Friday night I undocked in the hope of making said explosion happen. We had pilots out exploring and mapping our entire constellation of about six or seven wormhole systems. In our c2b there was a lowsec exit to Aridia and a Viator floating in the POS. I sat quite happily for over an hour watching the Viator, willing him to make a move to a POCO so I could send him on his merry way. A couple of other corp mates joined me so you would think one of us would have been on the ball to work out where he was going when he finally made a move. Unfortunately, the time sitting doing nothing dulled our reactions and we had to scatter to find him. "He's on the lowsec, I've got him pointed" someone called but he jumped through and away. Will he be stupid enough to come back? We sat waiting for half an hour until receiving a notification that the potential target had logged off. Damnit.

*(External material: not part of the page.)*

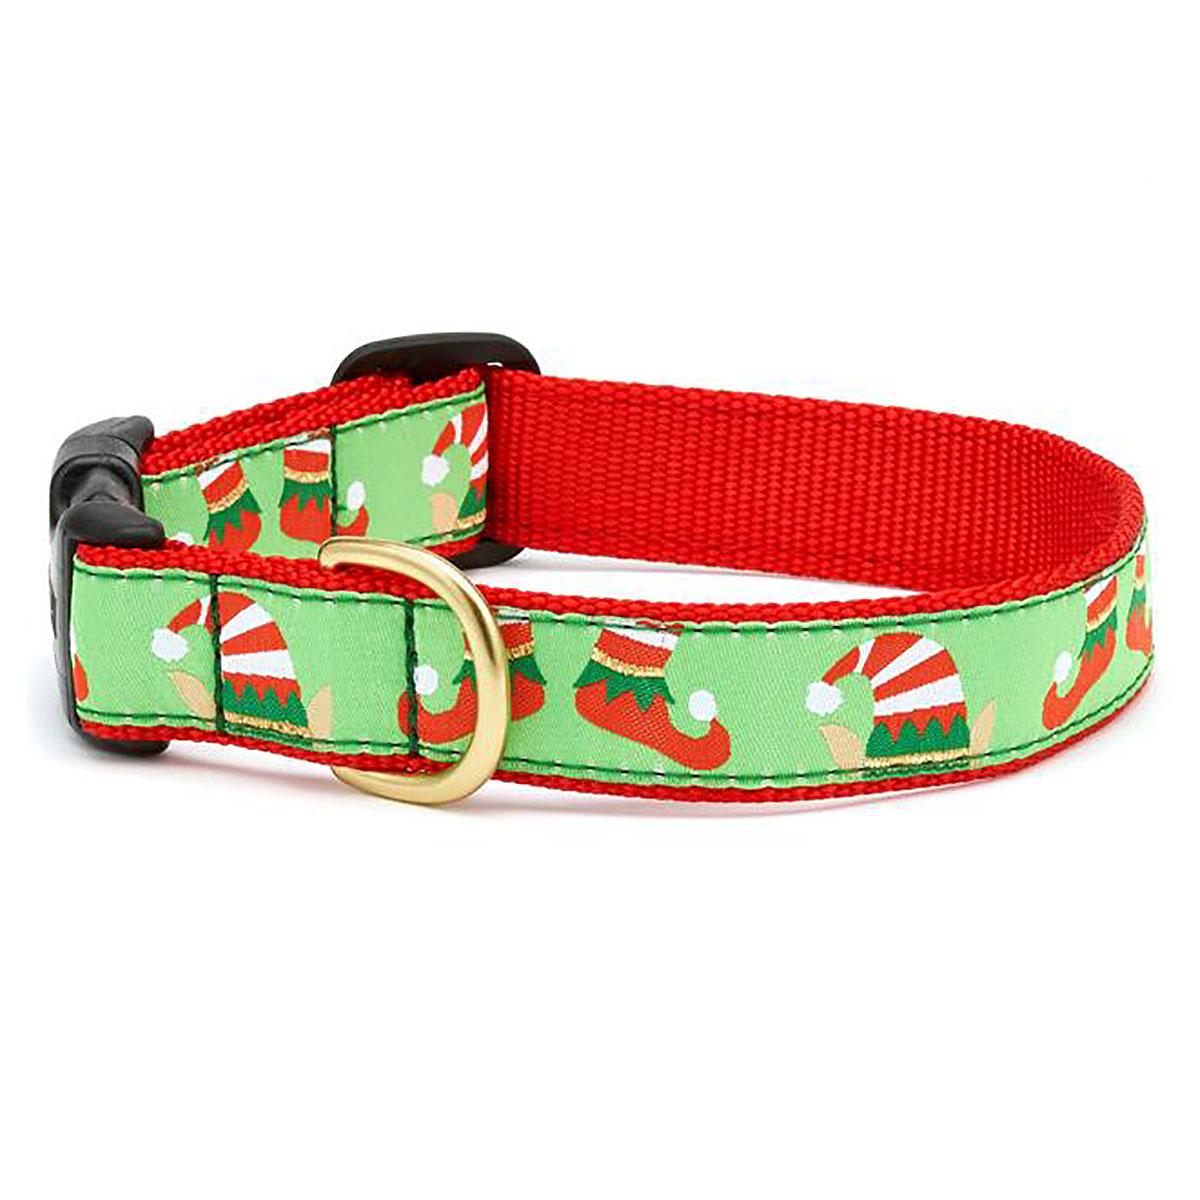 Elves Dog Collar by Up Country

Someone now scanned a new K162 in our home system. Jumping through we had a C5a to go with our normal C4a static. A pilot floated in the POS in a Moa suggesting to me that he might be planning on sucking up some gas. He didn't warp off so I took the risk that he was otherwise distracted and scanned down two ladars in the system. Unfortunately he either saw me or decided to do something other than suck gas and logged off. Gah!

By now my corpmates were starting to bunk down for the night but I was still hopeful and jumped out into the lowsec of Aridia to see what was out there. Suffice to say I finished my evening jumping around a ring of five systems popping rats as I went. I was delighted to raise my sec rating from almost 4.1 to just over 4.1. Yeah, right...

Saturday had me looking for a route out of our home system to meet up with some folk and go shoot at people in nullsec. We had a K162 with a nullsec exit in our home system that wasn't particularly useful to me and our C4a led to another C4 and that led to a C5. I paused in C4b for some scanning practice. I'm still perfecting a technique involving four deep space probes and four core probes and the twenty signatures in C4b seemed perfect. It took about 45 minutes due to distractions before I had neatly catalogued all the sigs then I took a break.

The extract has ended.